- _DATASET EXTRACT_:
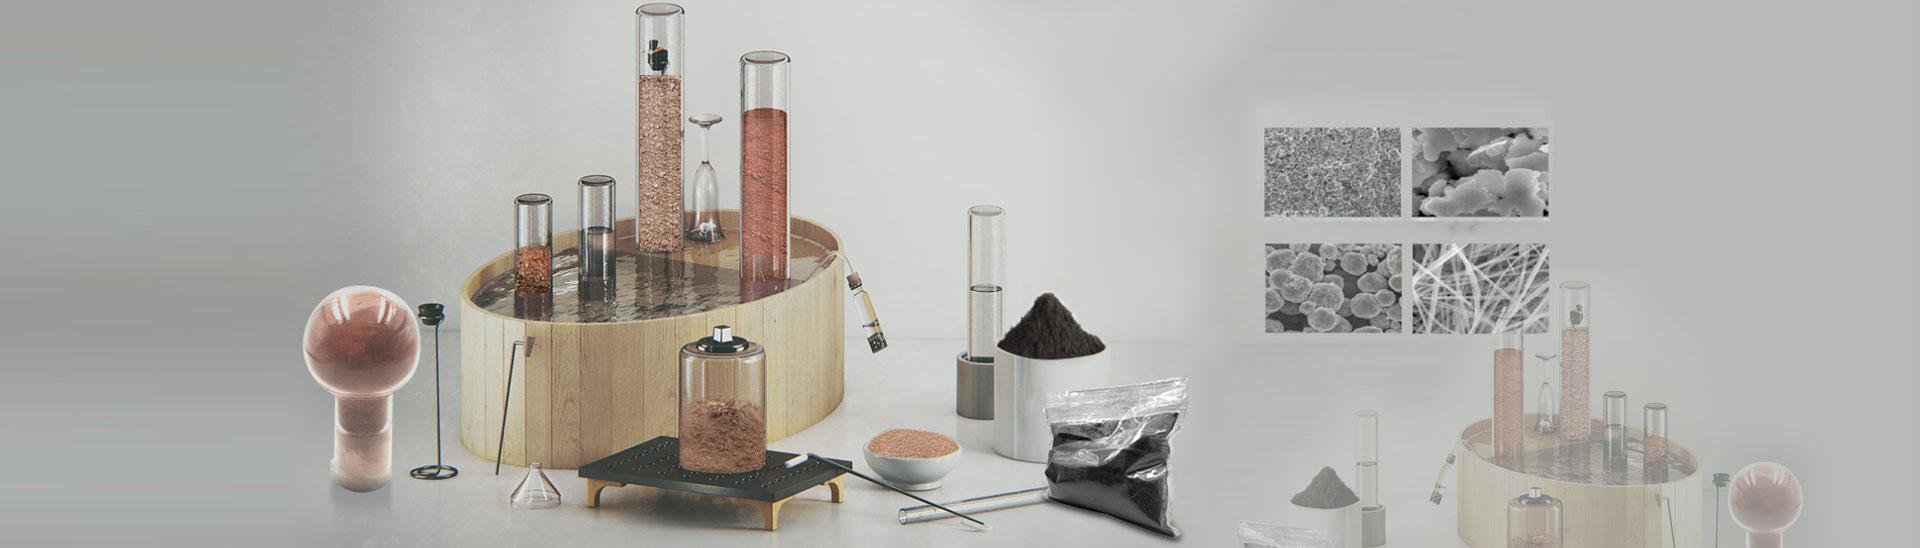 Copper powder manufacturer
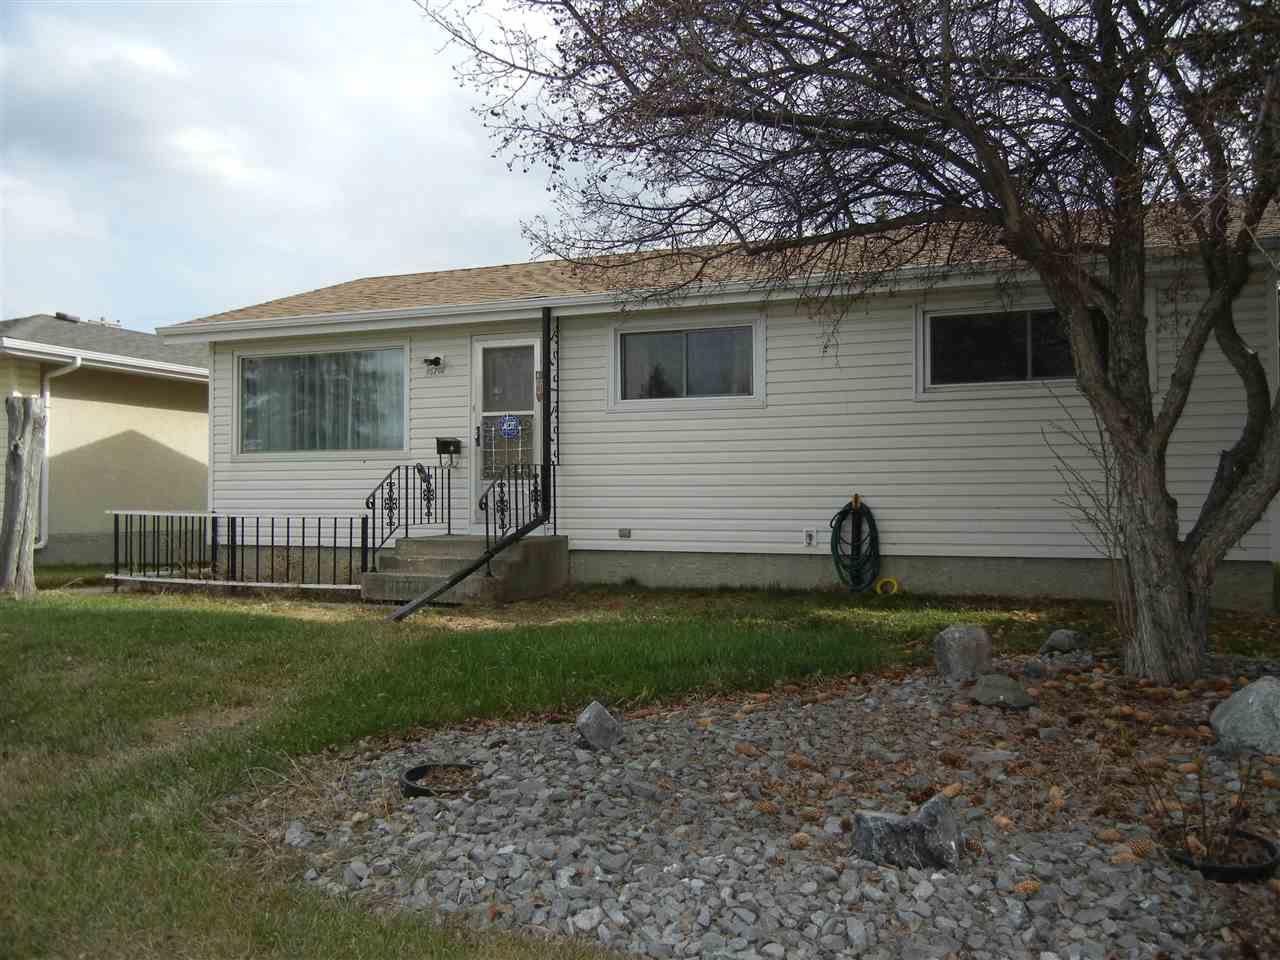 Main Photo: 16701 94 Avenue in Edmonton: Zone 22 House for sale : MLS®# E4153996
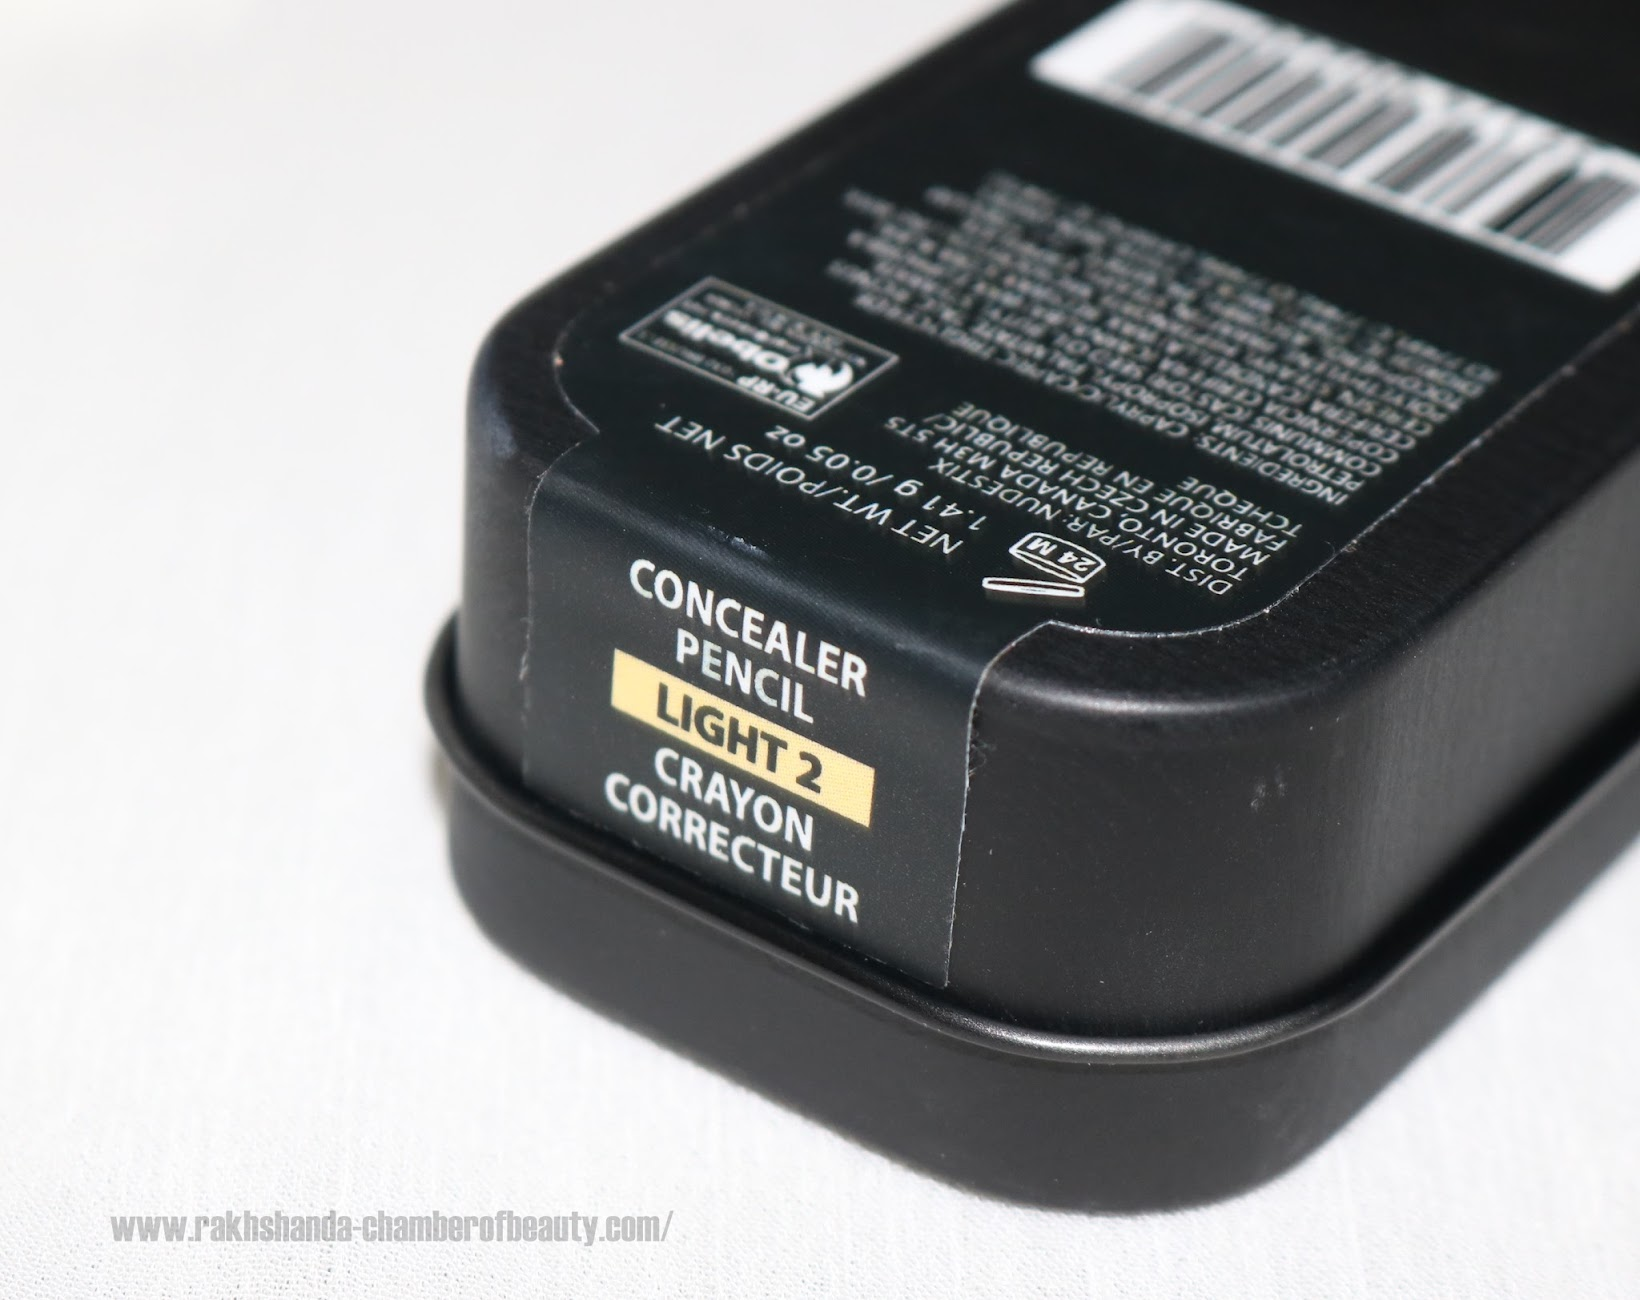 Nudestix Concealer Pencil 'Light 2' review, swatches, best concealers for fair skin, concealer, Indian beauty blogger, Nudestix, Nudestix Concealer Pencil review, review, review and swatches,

- _WHAT YOU WILL DO_: Print the material in full and exactly, minus the pictures.

- _TASK ANSWER_:
 Copper powder manufacturer
 Main Photo: 16701 94 Avenue in Edmonton: Zone 22 House for sale : MLS®# E4153996
 Nudestix Concealer Pencil 'Light 2' review, swatches, best concealers for fair skin, concealer, Indian beauty blogger, Nudestix, Nudestix Concealer Pencil review, review, review and swatches,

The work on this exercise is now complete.